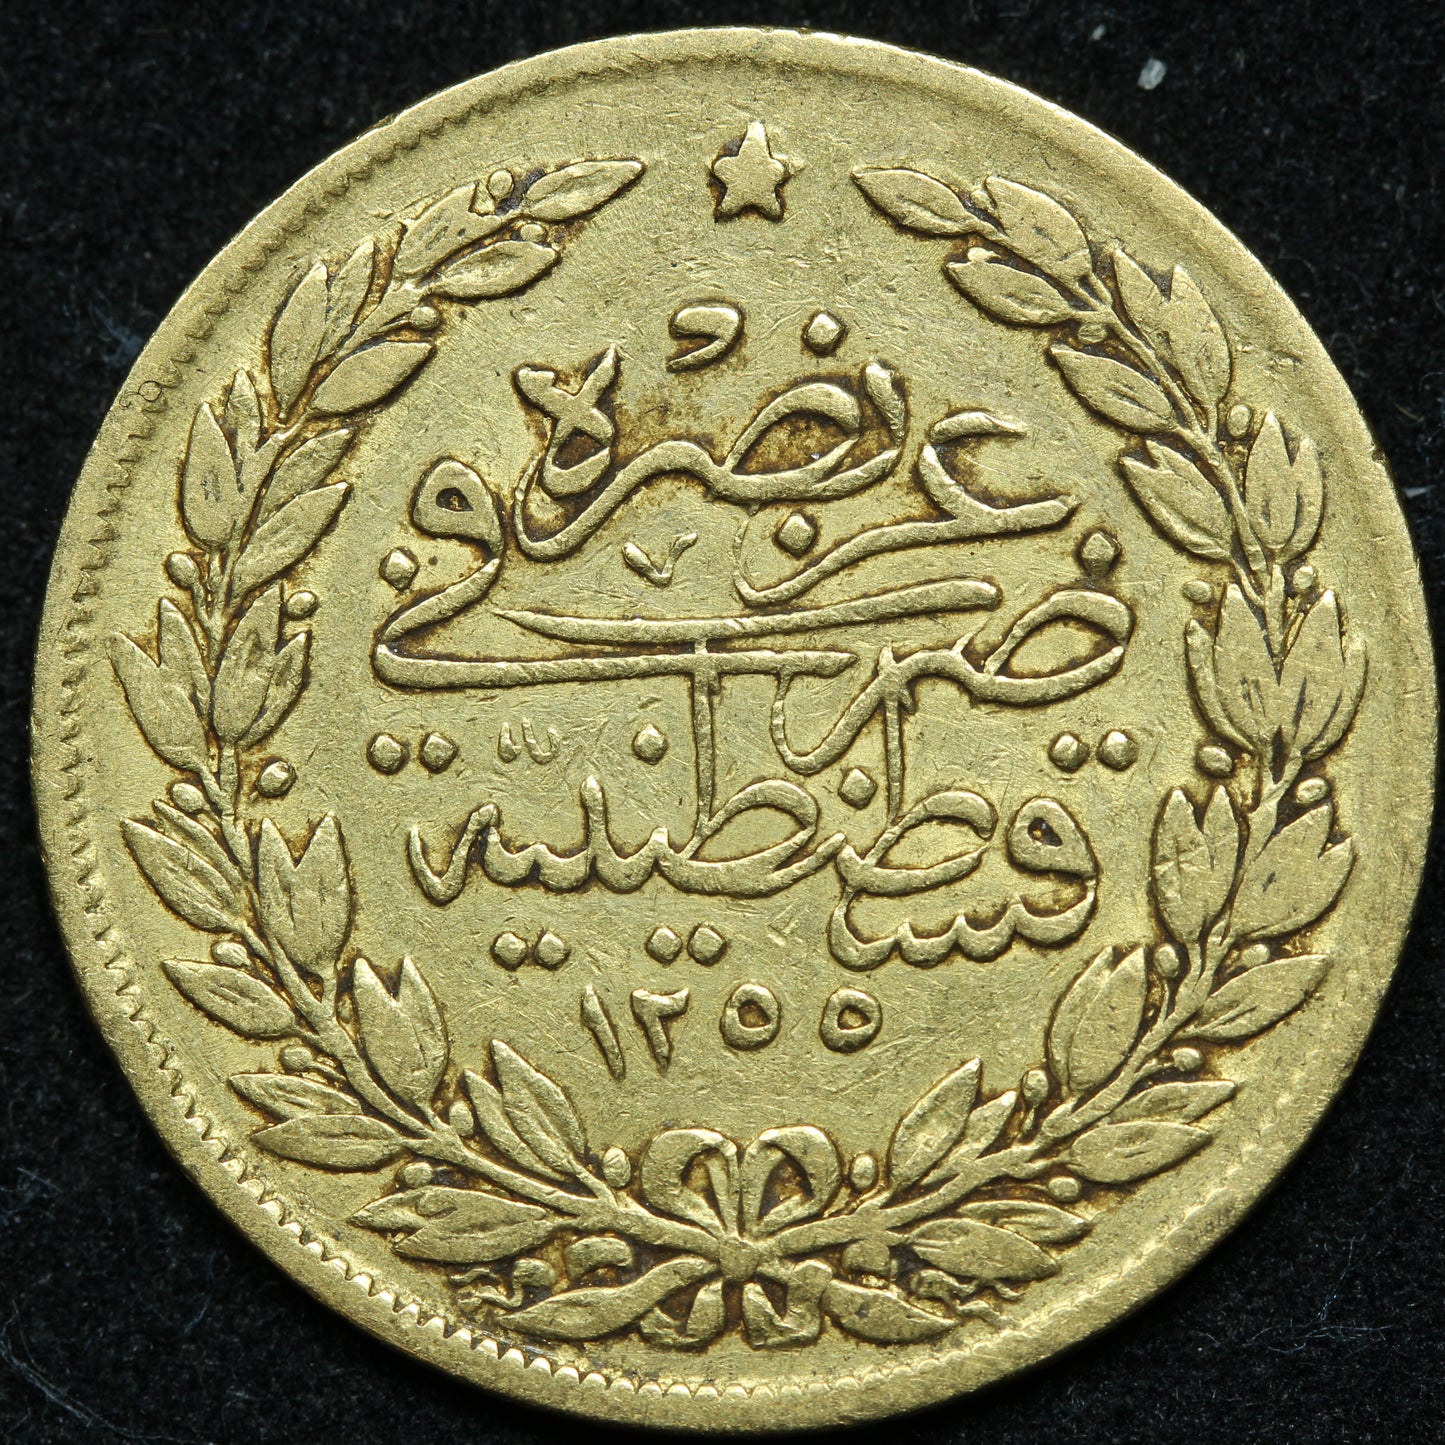 Turkey 100 Kurush 1255/15 AH (1839) Gold Coin
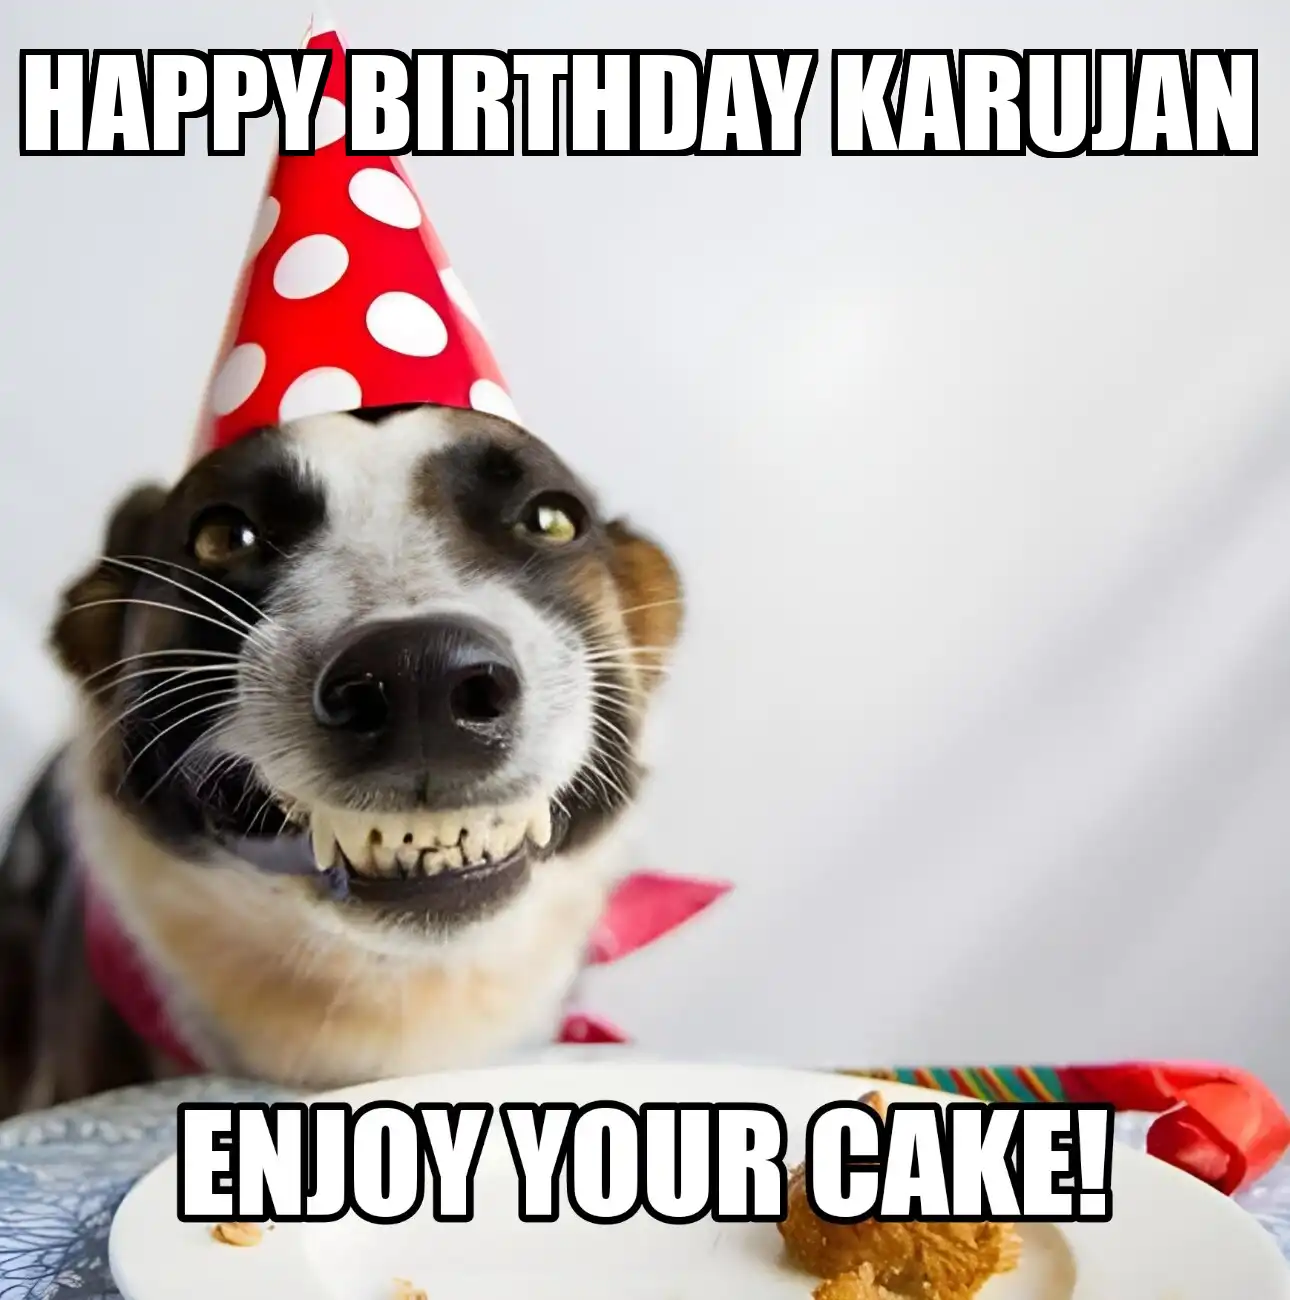 Happy Birthday Karujan Enjoy Your Cake Dog Meme
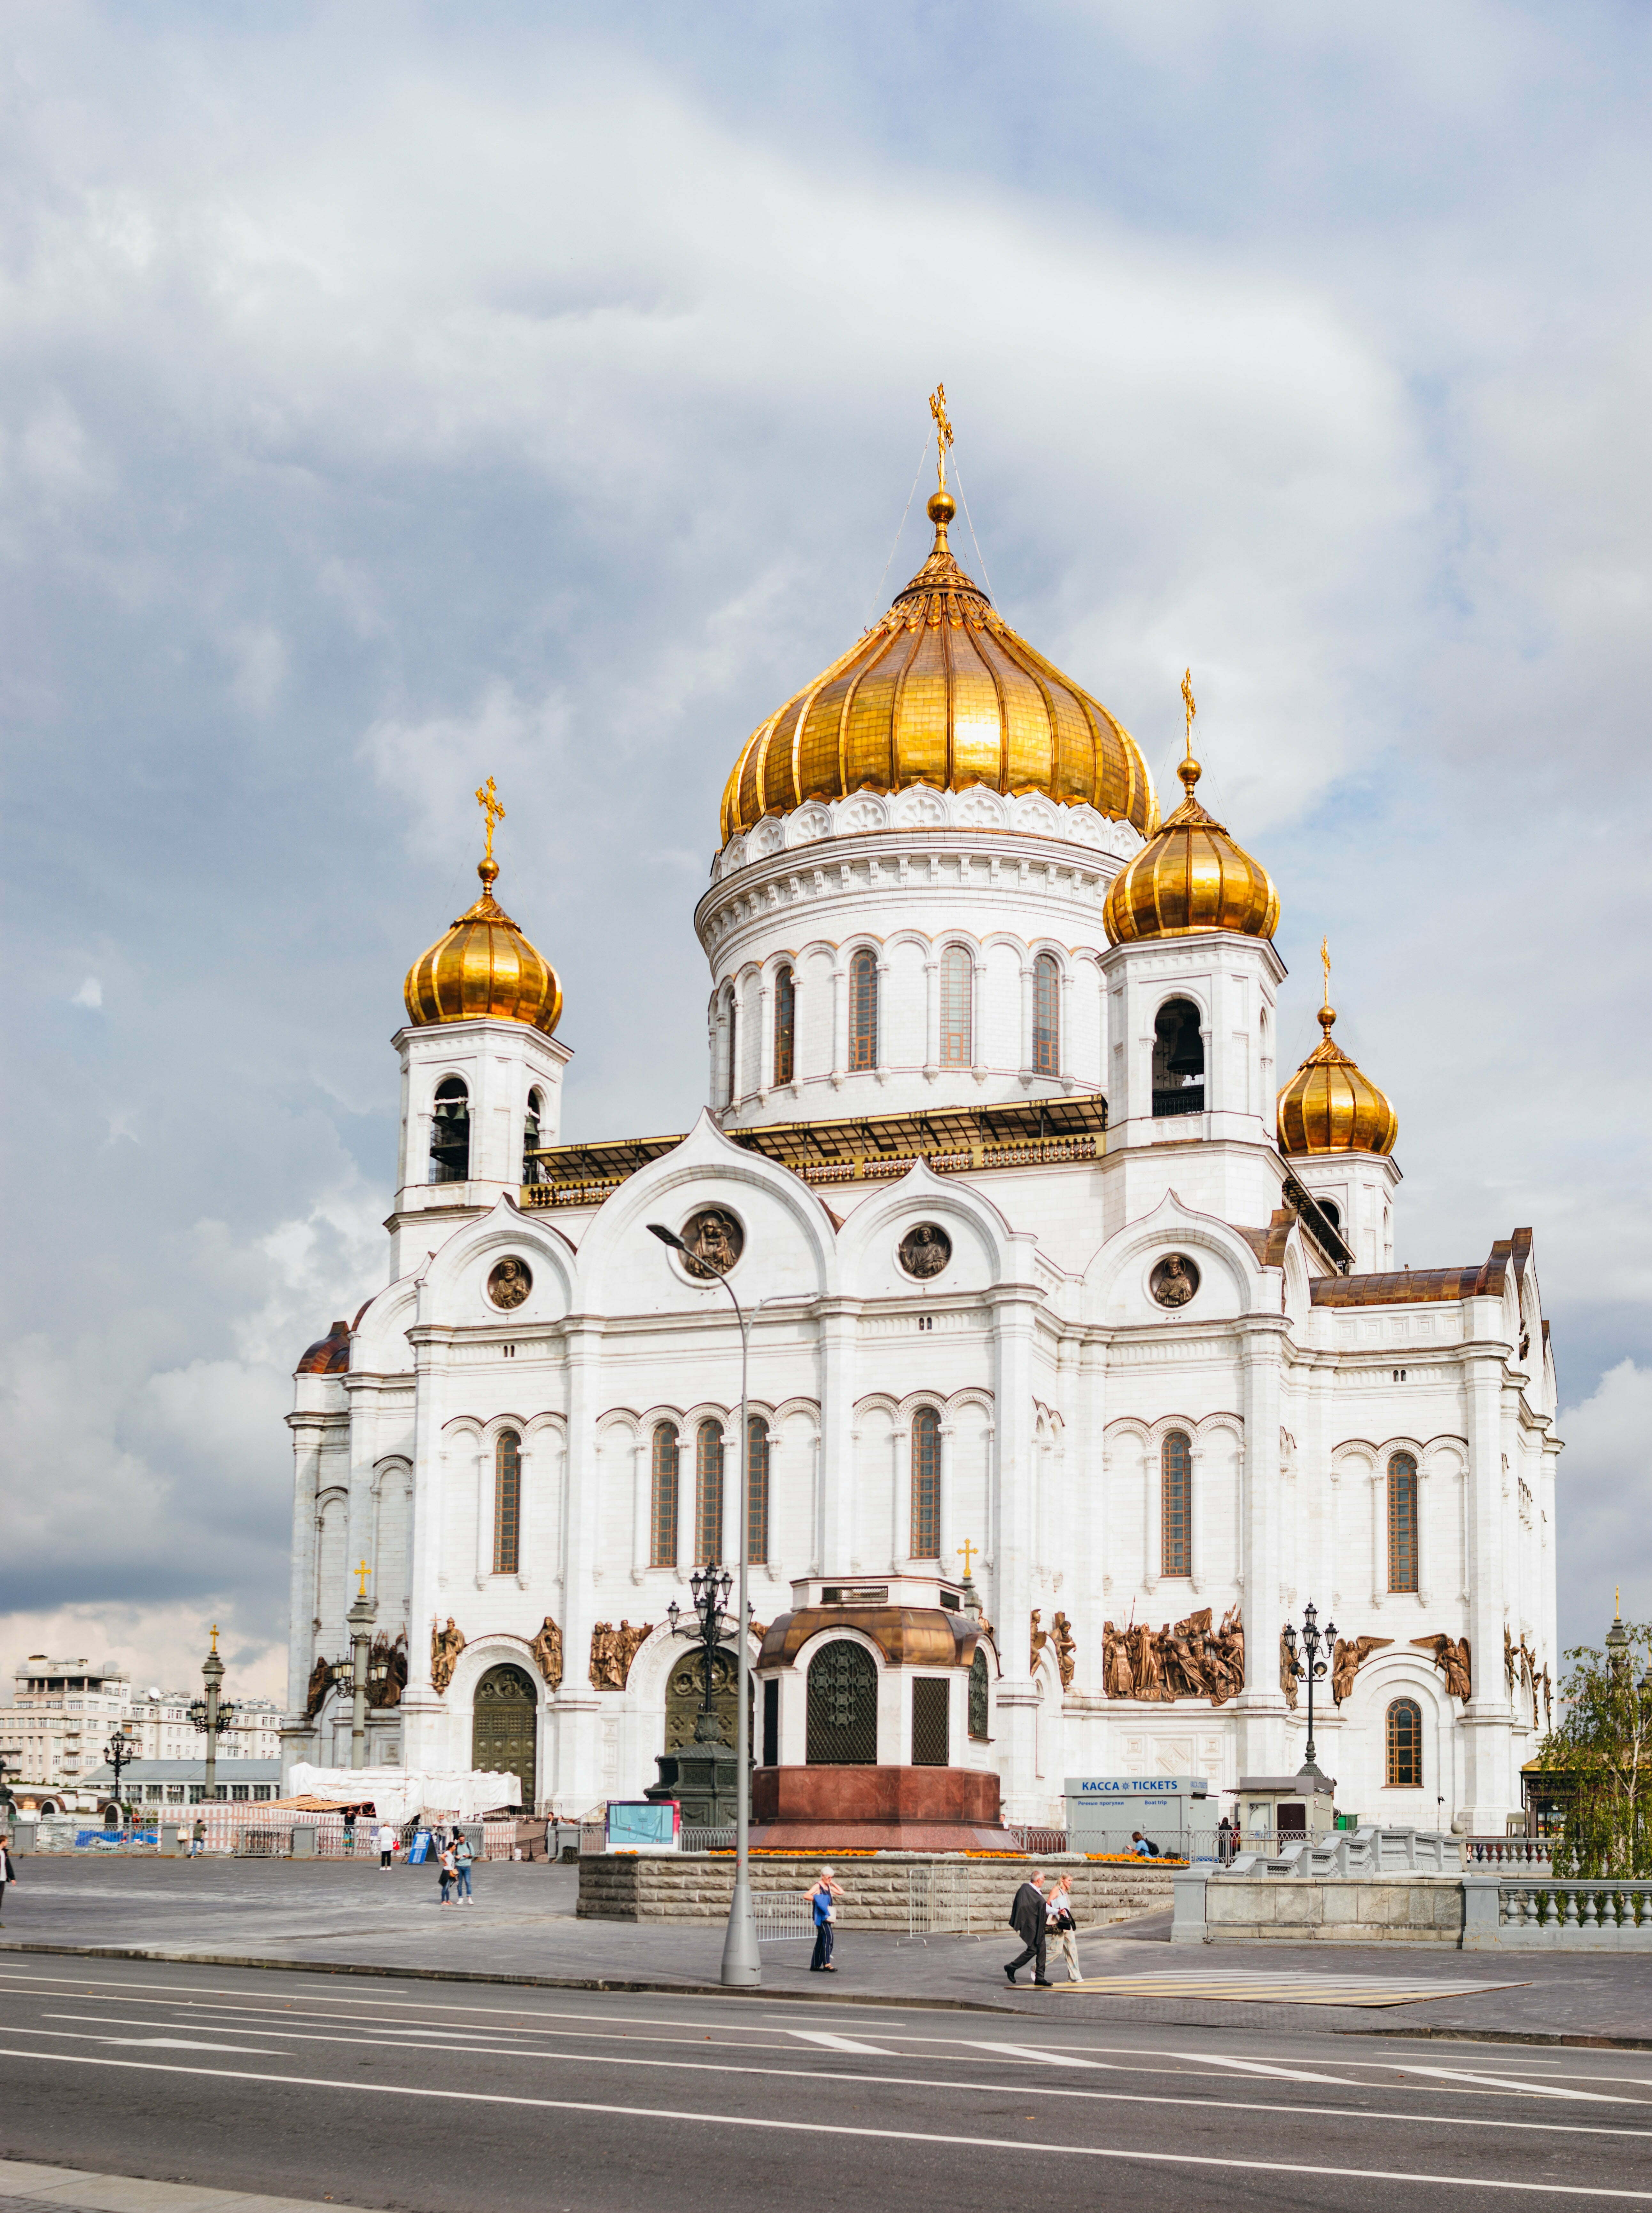 เที่ยวรัสเซีย มอสโคว์ มหาวิหารเซ็นต์ เดอ ซาร์เวีย Cathedral of Christ the Saviour
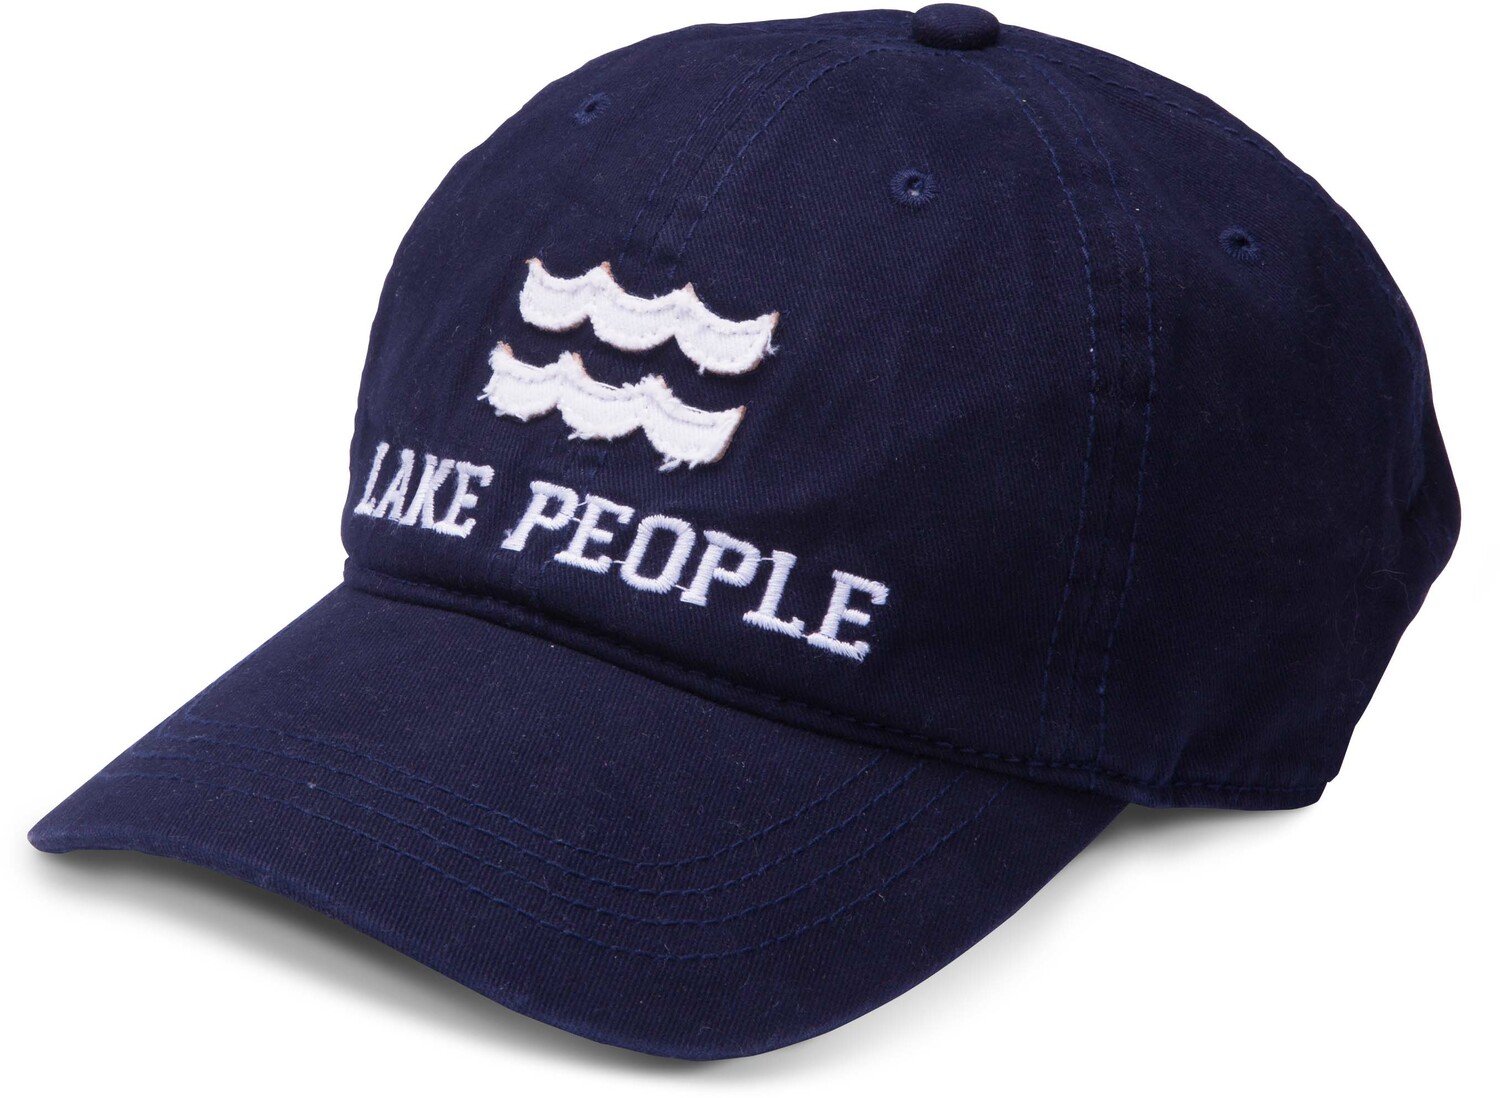 Lake People by We People - Lake People - Navy Adjustable Hat

================

Your copy should hold only the lines running from the one that contains "Happy Birthday Karujan" through the final line of the data; transcribe them exactly, both ends included, and leave pictures out.

Completed task:
 Happy Birthday Karujan Enjoy Your Cake Dog Meme
 เที่ยวรัสเซีย มอสโคว์ มหาวิหารเซ็นต์ เดอ ซาร์เวีย Cathedral of Christ the Saviour
 Lake People by We People - Lake People - Navy Adjustable Hat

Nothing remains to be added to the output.